Chapter 1. Introduction

Imagine you're working as an administrator of a large IT infrastructure. You have just started receiving emails that a web application has stopped working. When you try to access the same page, it just doesn't load. What are the possibilities? Is it the router? Or the firewall? Perhaps the machine hosting the page is down?

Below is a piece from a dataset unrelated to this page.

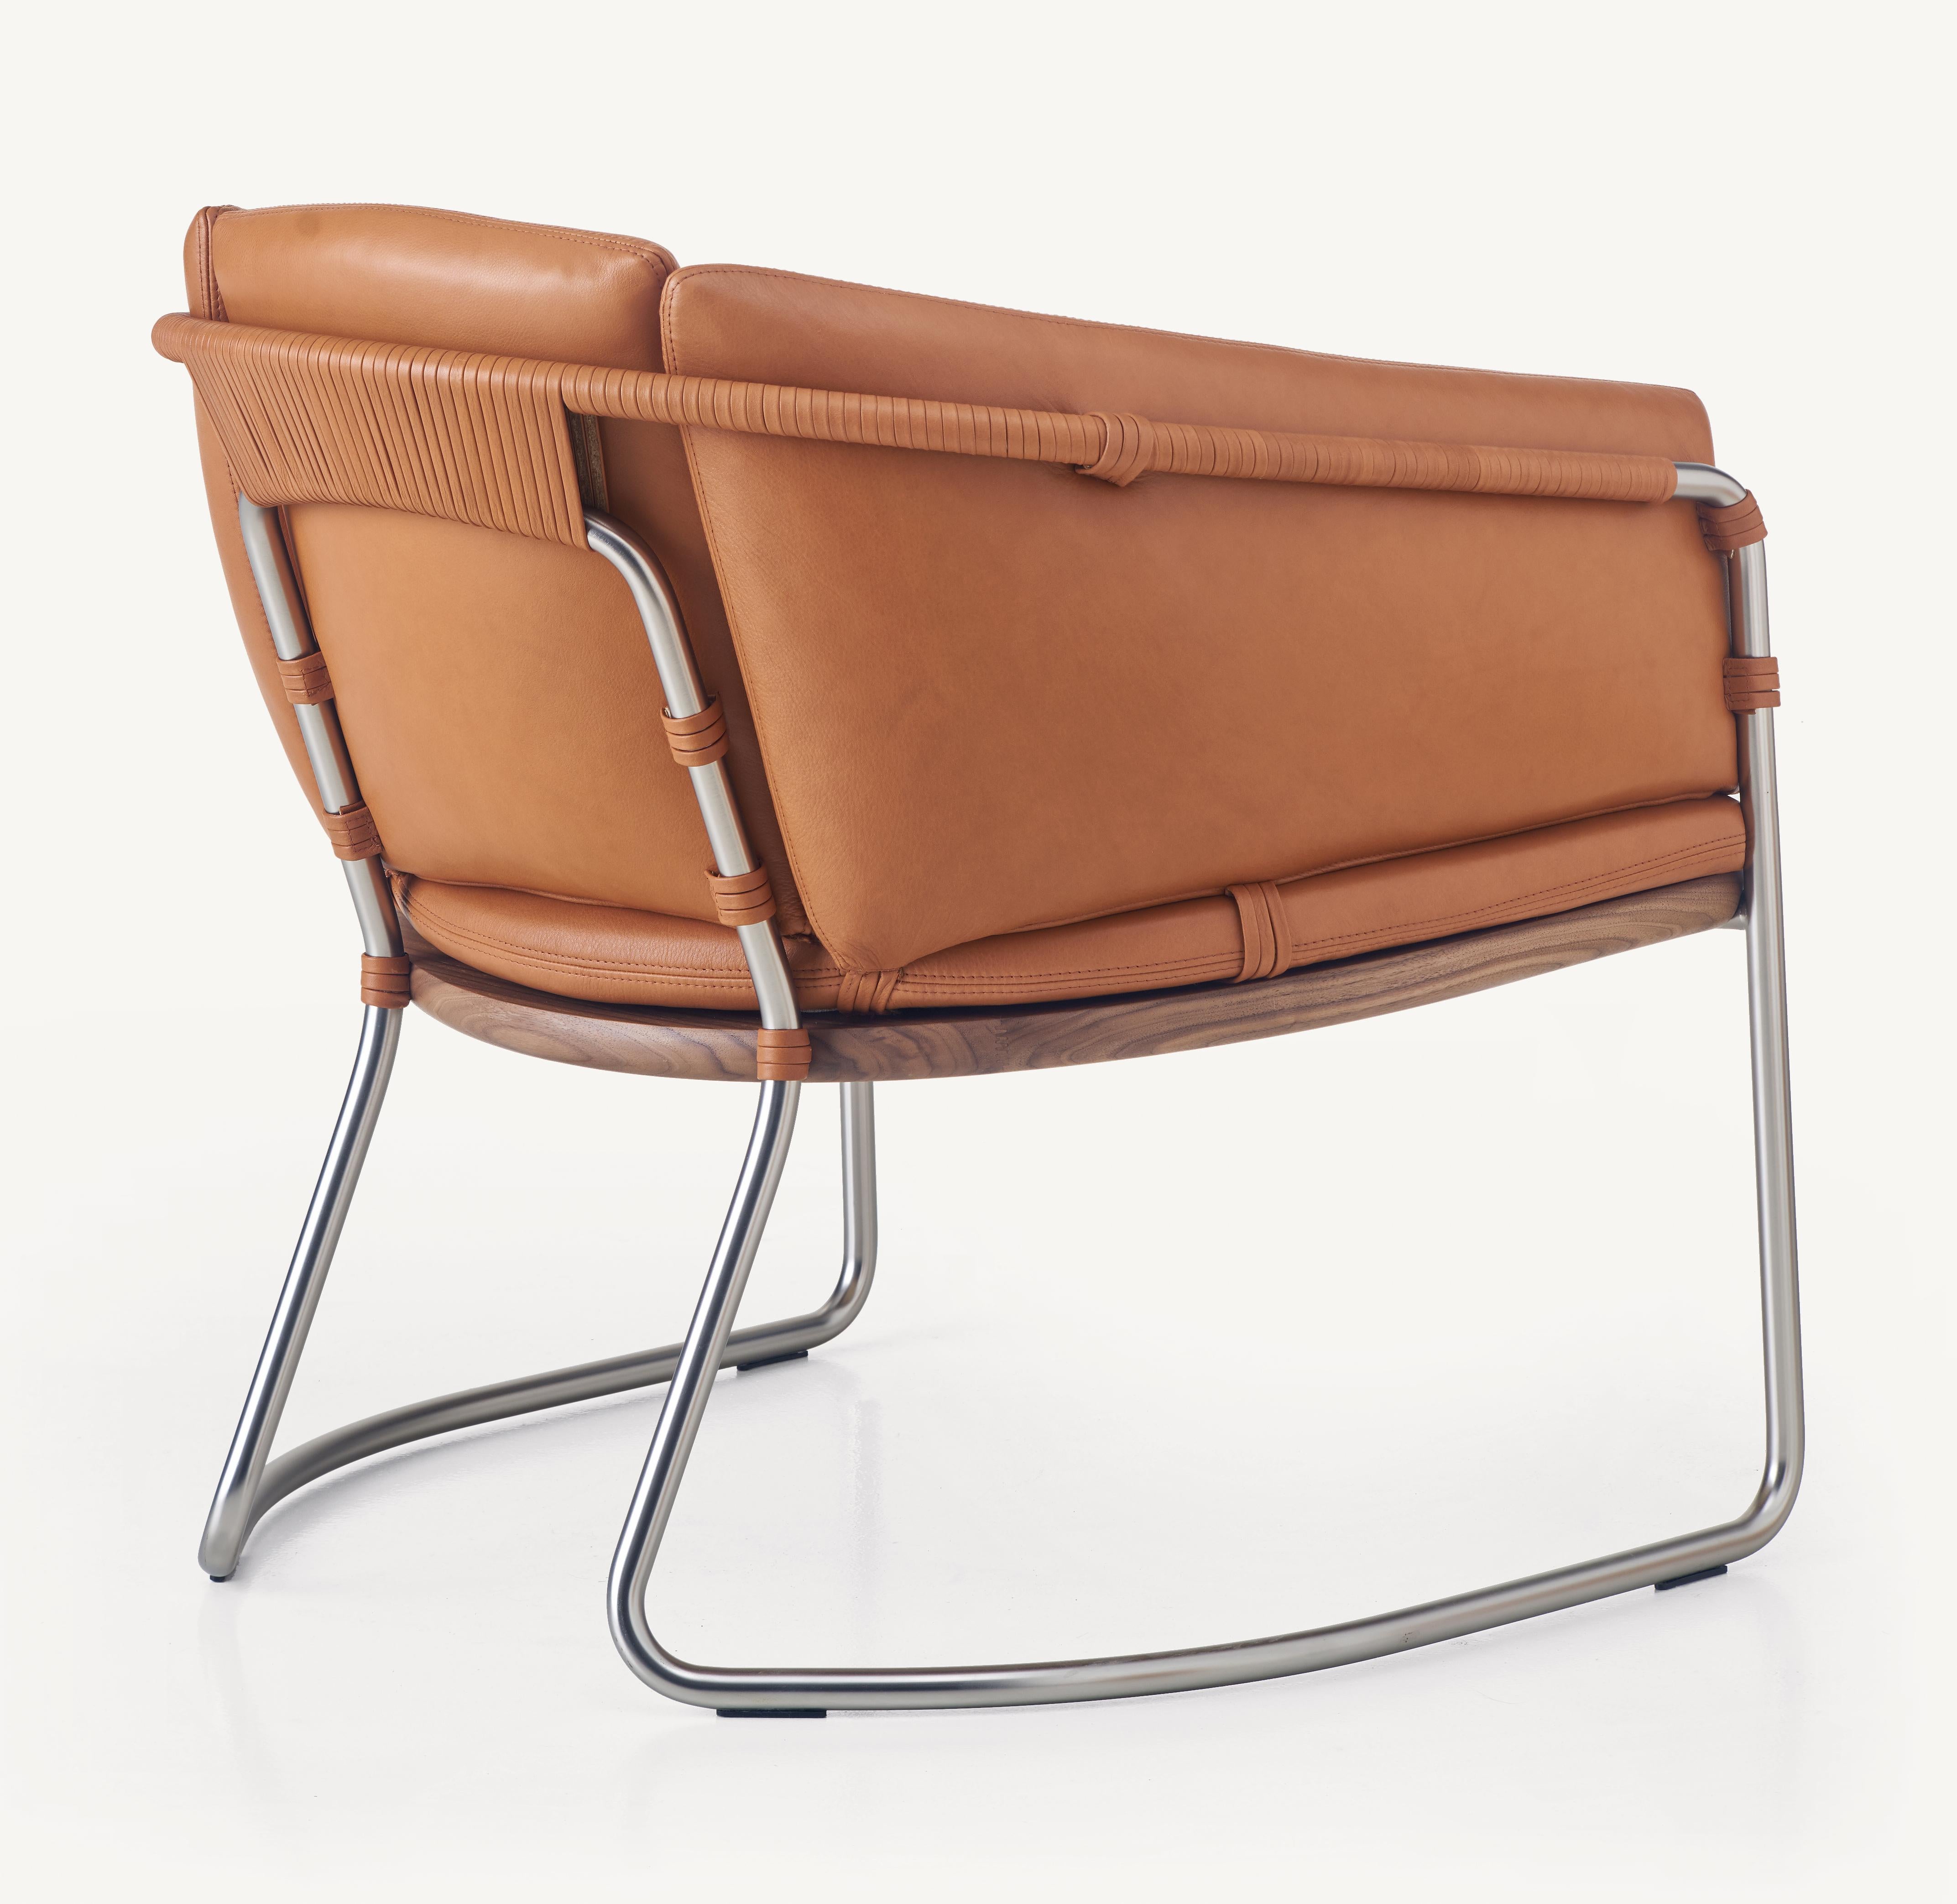 For Sale: Brown (Elegant 43807 British Tan) Geometric Lounge Chair in Walnut, Satin Nickel and Leather by Craig Bassam 2

Before you even start thinking rationally about what is to be done, your boss calls about the critical situation and demands an explanation. In this panic situation, you'll probably start plugging everything in and out of the network, rebooting the machine and so on, and that doesn't help.

After hours of nervously digging into the issue you finally find the solution— the web server was working properly, but was timing out on communication with the database server. This was because the machine with the database was not getting a correct IP as yet another box had run out of memory and Dynamic Host Configuration Protocol (DHCP) server had stopped working. Imagine how much time it would take to find all that out manually. It would be a nightmare if the database server was in another branch of the company, in a different time zone, and perhaps the people over there were still sleeping.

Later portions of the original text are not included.